Mine will most likely be on as much as possible. 

I am setting it up Friday.


----------



## Punk

Well if it is on all the time, I'll be on it most of the time when I'm online...


----------



## lunchboxx

Hey, ill join, im already in the community. Ill add the tag.


----------



## Punk

Alright 

Welcome to the clan!
What's your online name?


----------



## Trizoy

So how about we try to setup a single night to play a few hrs? Then post it and get a few to show up?


----------



## massahwahl

Im a counterstrike noob (Its downloading as we speak ) but I would like to join the clan, maybe someone would be availale to take me around a couple maps and show me the ropes? I played War Rock for a long time and I imagine CS:S is a HUGE step up from that. Thanks! Lemme know if its ok that I join!


----------



## g4m3rof1337

I can probably get around 10 people on the server.


----------



## 4NGU$

could someone catch me up on any goings on about the sever/clan since i have been really busy with collage work and my photography and such


----------



## massahwahl

I dont know if it helps, but im going to convert my laptop into a server and would be willing to open a counterstrike server?


----------



## 4NGU$

im sure it would help 

but like i say im not up to date so if any one else could tell you 
it would probably hold more weight lol 


how do you convert a pc into a sever ? 

as i now have 3 pc's and 2 laptops there all crap tho tbh


----------



## massahwahl

Ive never done it but from what Ive been told you can download programs that will basically do it for you. the one I heard is called apache. Might want to check that out!


----------



## g4m3rof1337

You'll need decent internet speeds, for hosting and playing. 

My server will be on as much as possible, mainly 24/7 or when I am sleeping, I'll add the CF information, and the information will be on my LAN site, which I am advertising. 


So. 

I am looking for admins though.

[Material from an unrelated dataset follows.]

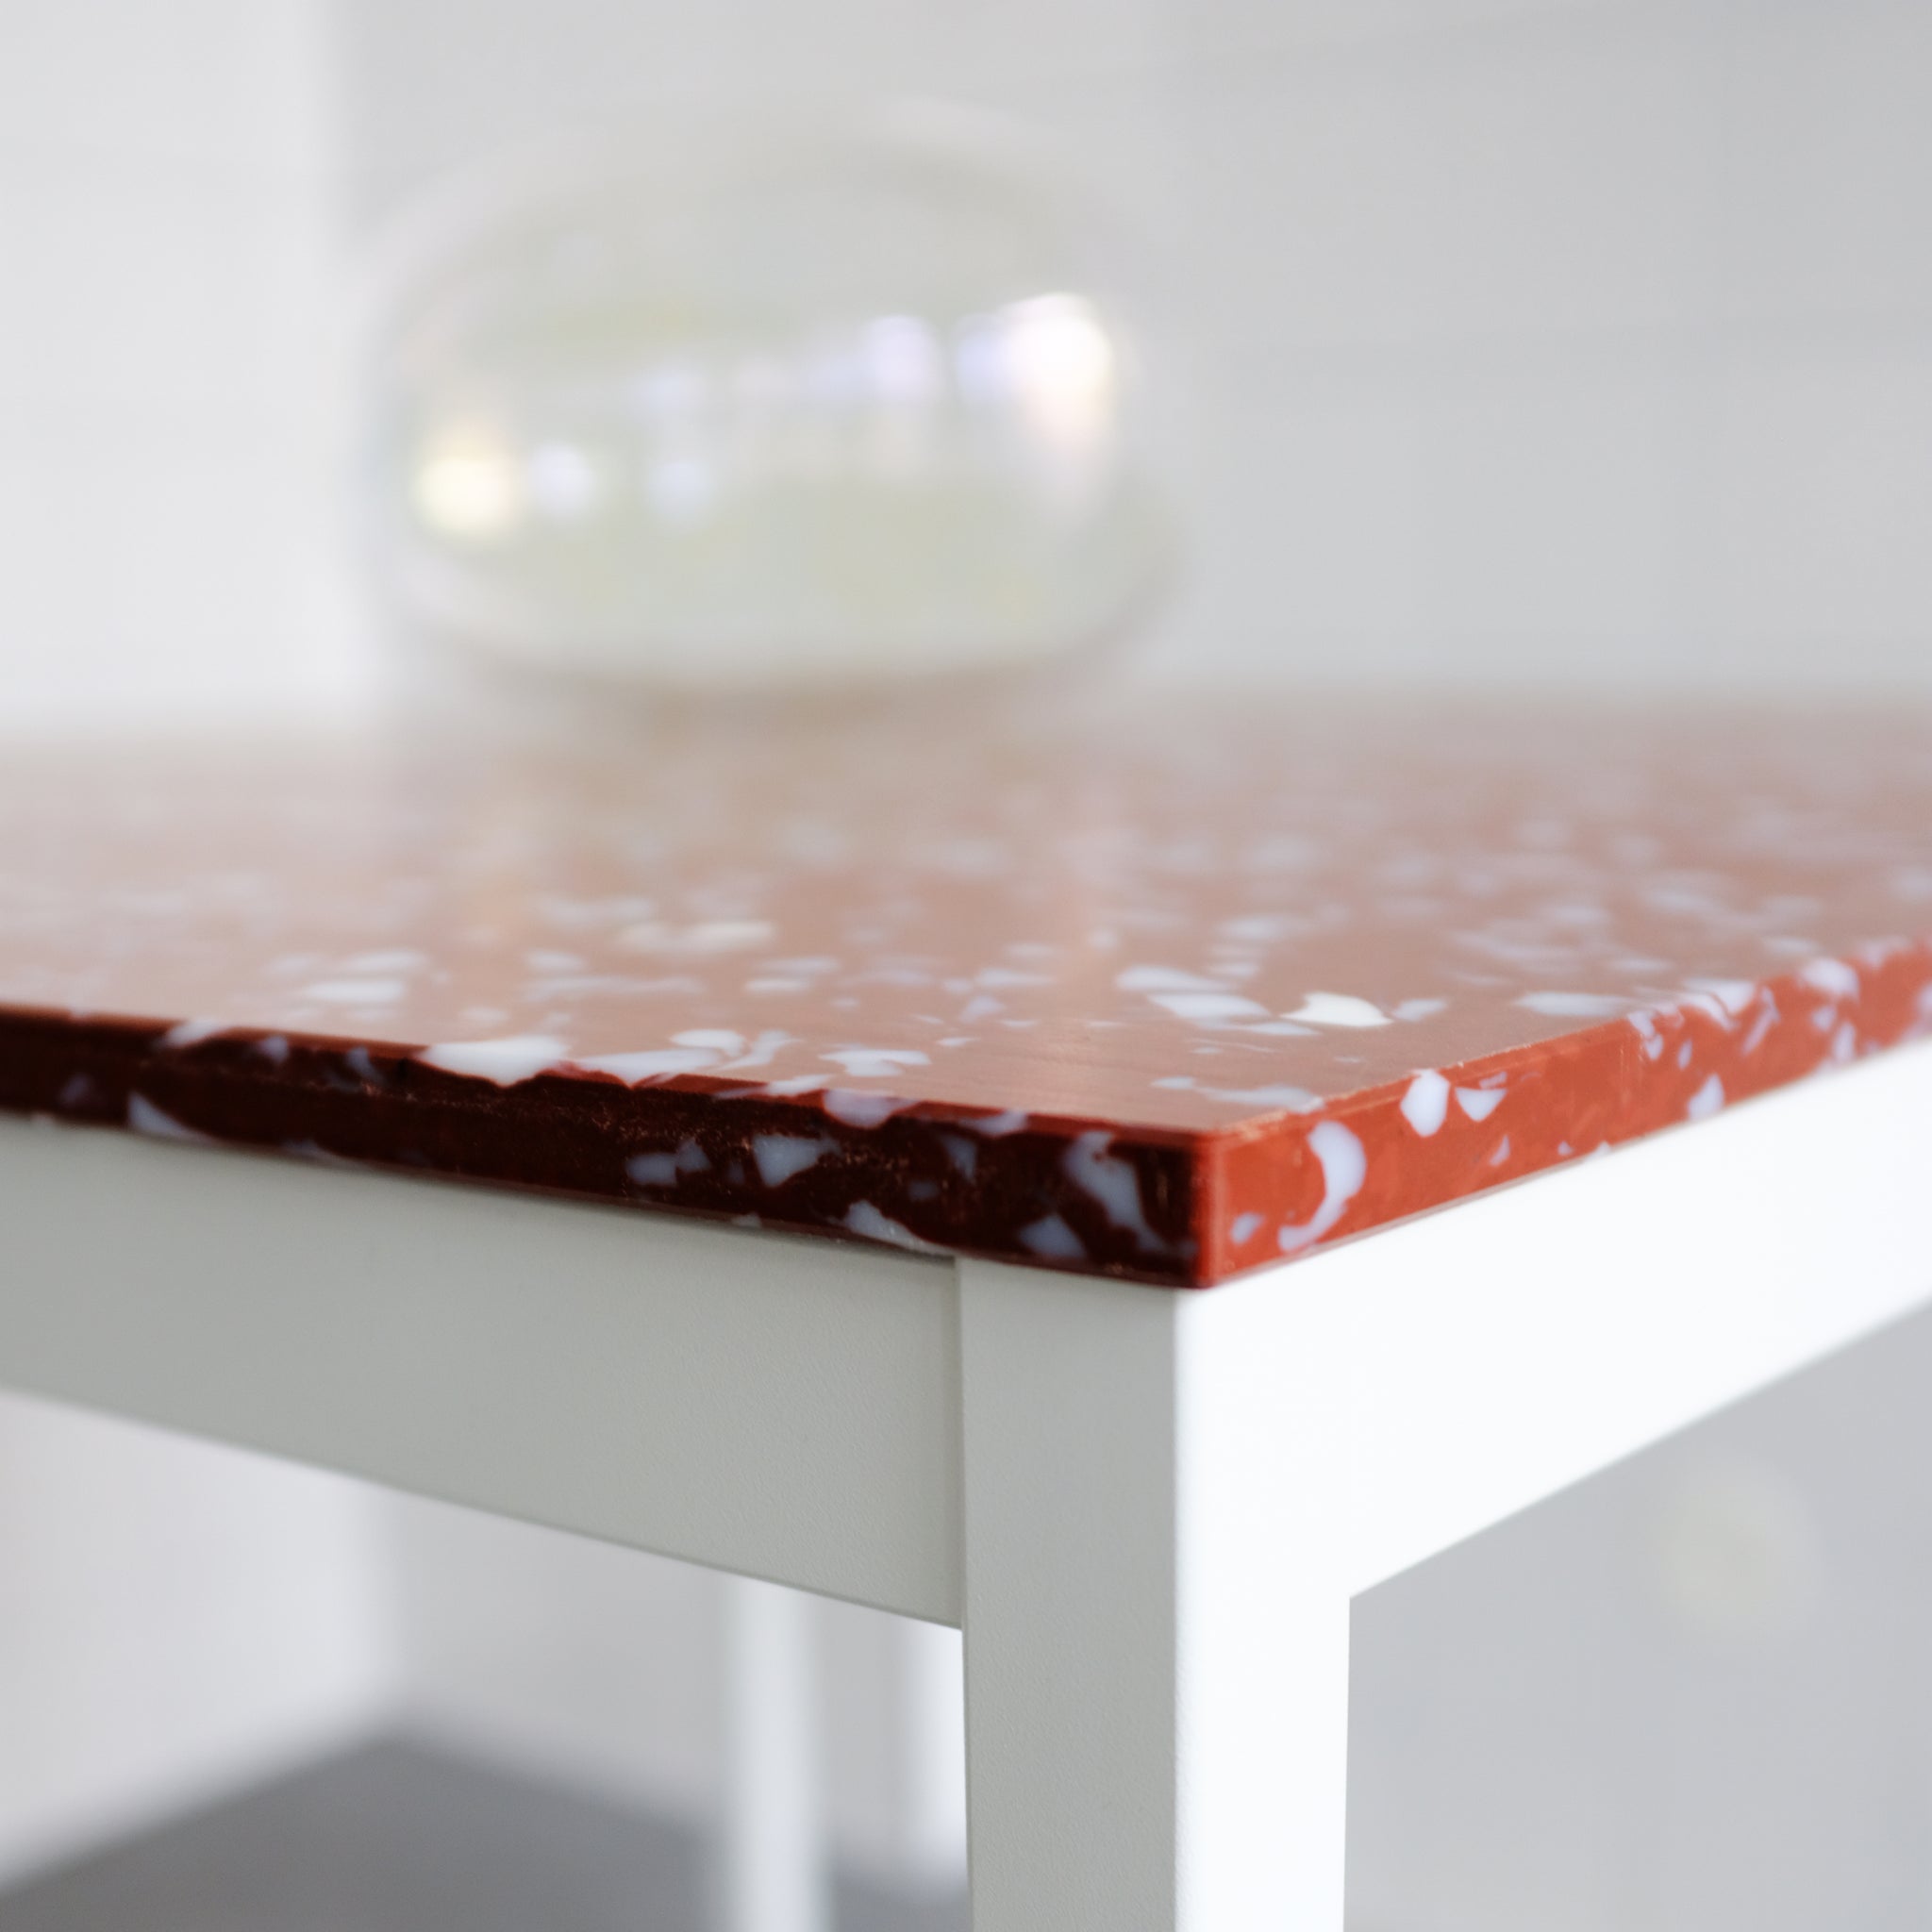 DETAIL OF RED TABLE TOP BY THE MINIMONO PROJECT - BRAND FOR ECO FRIENDLY - PLAYFUL - MULTI FUNCTIONAL - SUSTAINABLE - HIGH QUALITY - DESIGN FURNITURE FROM RECYCLED PLASTIC FOR BOTH ADULT AND CHILDREN MADE IN BERLIN GERMANY

They'll be in an admin skin.


----------



## pokemon87654

what is the Ip of the server that your getting up, let me know and ill play in there


----------



## g4m3rof1337

Some good news.
I have two internet connections, both roughly the same speeds. 

Ones 5mb down - around 600 or so up.

The other is, 6mb down - 768k up. 


I was thinking of hosting the server on the first set, and playing on the second.

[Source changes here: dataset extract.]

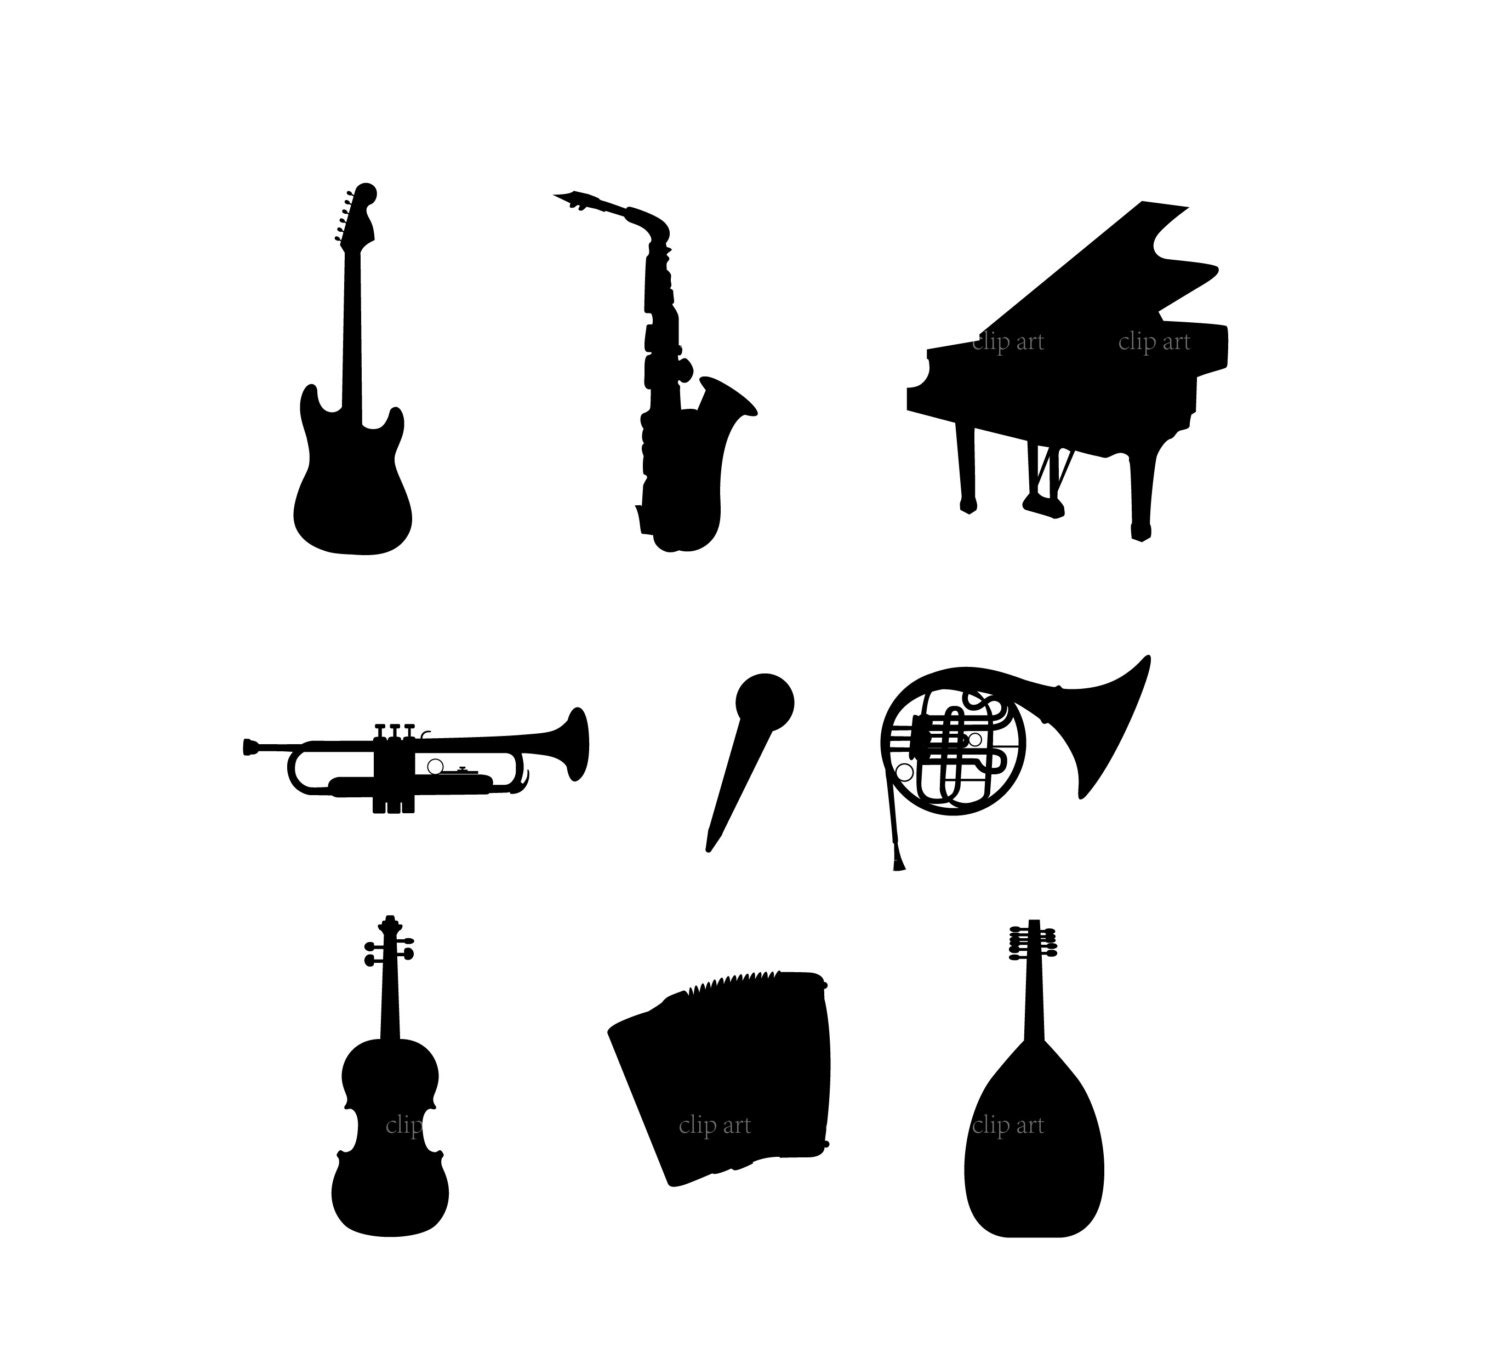 clipart of music notes and instruments - photo #28

I am in an apartment, my apartment only has one internet connection, and its the second one. 


And yes, I was given access to use the first one. 

I got the server 'up' then shut down, due to firewall issues. I'll mess around with it tomorrow, and this weekend.


----------



## massahwahl

Oh my God...

Counter Strike is freaking unbelievable...

Im in love

I dont know how you add people, but if you guys want to add me, my name is Ukulele Ninja in game.


----------



## g4m3rof1337

I am going to try to temporarily set it up tonight.


----------



## Rambo

What games do you play?

Some of the games I have are UT2004, Team Fortress 2, Half Life 2...

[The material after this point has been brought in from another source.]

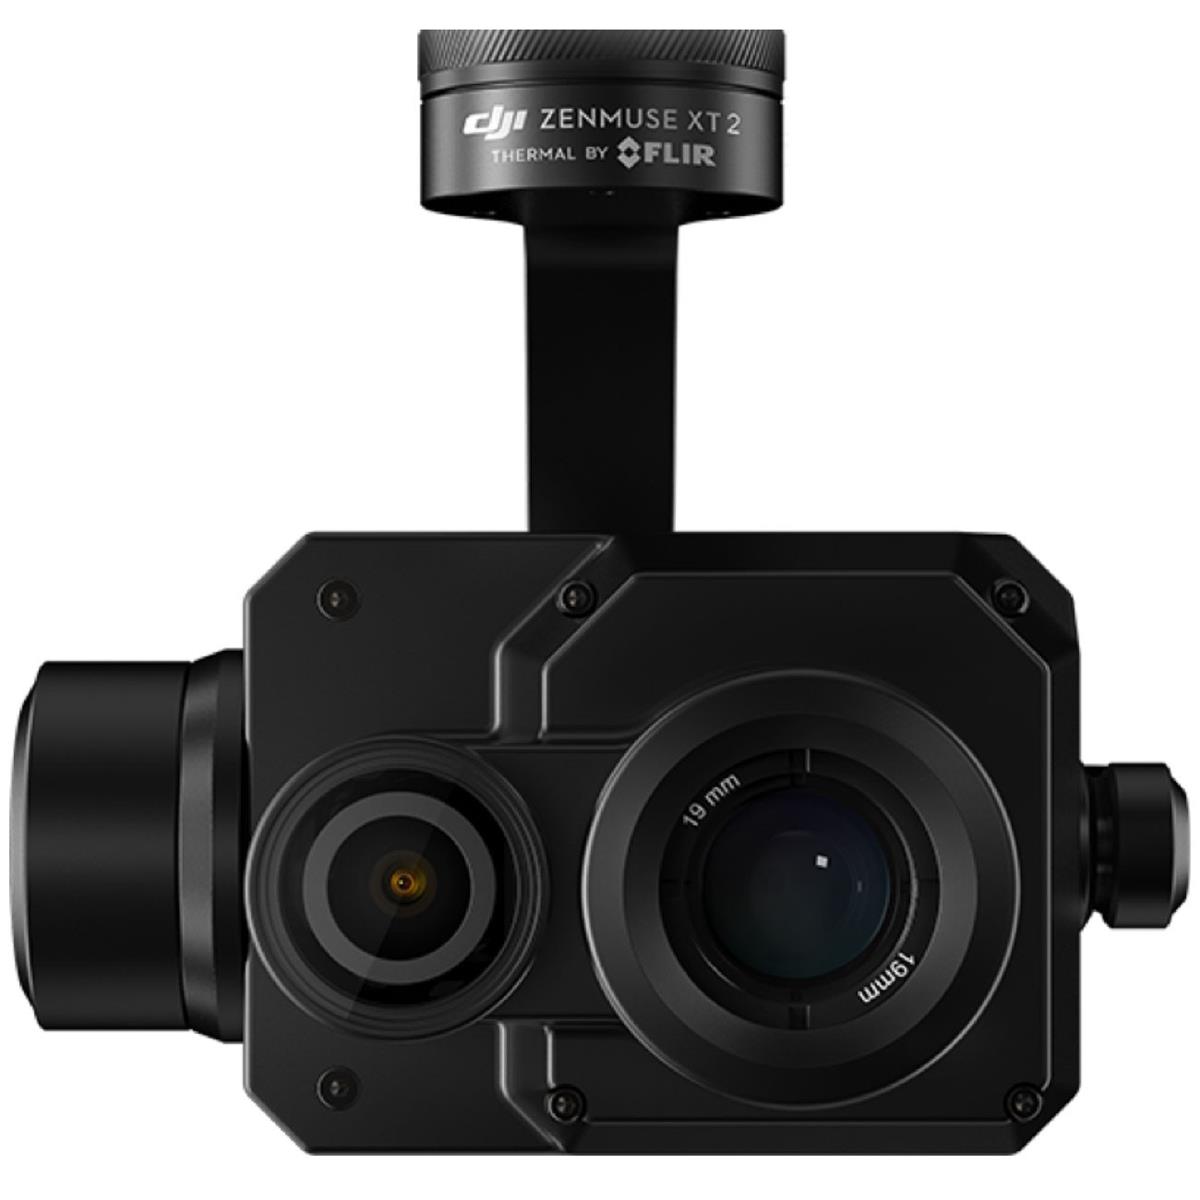 Image of DJI ZENMUSE XT2 Thermal Camera with 19mm Lens

You guys play any of these?


----------



## Punk

What games do we play?

lol please read the title of the thread...


----------



## Rambo

webbenji said:


> What games do we play?
> 
> lol please read the title of the thread...



Oh, haha! Didn't see that...


----------



## Ben

Rambo said:


> Oh, haha! Didn't see that...



lol, we've all done that before  

what other games do you have Rambo? I'll PM you...


----------



## Punk

Rambo said:


> Oh, haha! Didn't see that...


 Lol don't worry it happens to all of us 


I think we should have a meeting online to have a little fun.

I'll say next month on a week's night so that we're sure everyone is there and I'm suggesting on a Wednesday night (France/UK time). How about 11/14/07 that is Wednesday the 14th of November 2007.

Let say at 8PM France (12AM West Coast USA).


----------



## massahwahl

Anyone on the East Coast that wants to play tonight around 7:00 lemme know. Me and a friend are gonna do a few skirmishes and anyone is gladly invited! Lemme know: Steam: Ukulele_ninja


----------



## PabloTeK

If you lot want I can get a team of 5 to go against you. We have our own server and unfortunately it can't be this week because I'm away.


----------



## massahwahl

Well let me know when you get back and we'll do it!


----------



## g4m3rof1337

My server is up.
I will distribute the IP when it is completely done. 
I had a few people on it earlier, I just need to get a different map running, get admin tools up, and other stuff. 



Hopefully, it will be used for Friday 11/2.


----------



## Punk

Alright gamer.

I'll be away next week so I'll try to keep up on the news


----------



## g4m3rof1337

Alright.
Server works, I set the limit to 10 people, the server reached 10 people and it went smooth. 

Its currently hosting Cs_Office, still needs a map change, admin stuff and some other things.



The IP changed since yesterday, its something I am going to have to stay on top of.


----------



## Punk

Well if you want some admin help, I could help you.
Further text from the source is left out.